- Born: 1993 (age 32–33) Melbourne, Victoria, Australia
- Citizenship: Turkish (by descent) Australia
- Known for: using social media to recruit volunteers for jihadism

= Zehra Duman =

Australian-born Turkish Islamist

Zehra Duman (born 1993) is an Australian woman who traveled to Islamic State of Iraq and the Levant territory, where she married a jihadi fighter.

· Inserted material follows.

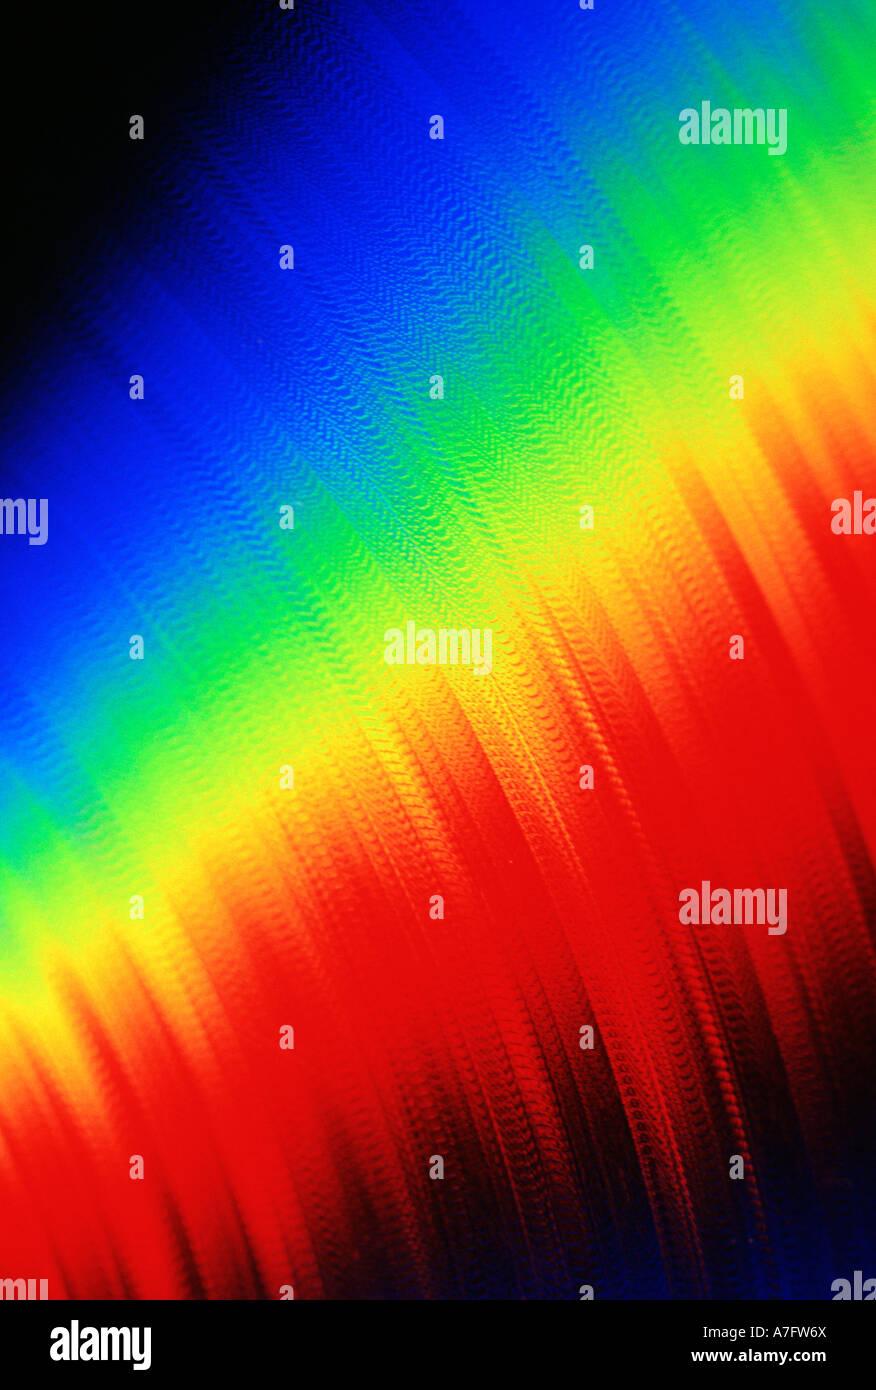 spectrum vertical - Stock Image

Duman was a friend of Tara Nettleton, who traveled from Australia with her five children to join her jihadi husband Khaled Sharrouf in ISIL territory in 2014. Duman's online recruiting activities have been the subject of scholarly attention. Her Australian citizenship was revoked in 2019, but it was restored in 2023 after an appeal.

== Early life ==
Duman was born in Melbourne, a third-generation Australian of Turkish descent. She described her childhood as difficult and said her parents were divorced and she suffered from depression in her early teens. She attended Sirius College, a private school in Keysborough. Her school principal later said the staff "did not notice any extremist tendencies" in Duman. She did not grow up as a practicing Muslim, but became one by her later teens.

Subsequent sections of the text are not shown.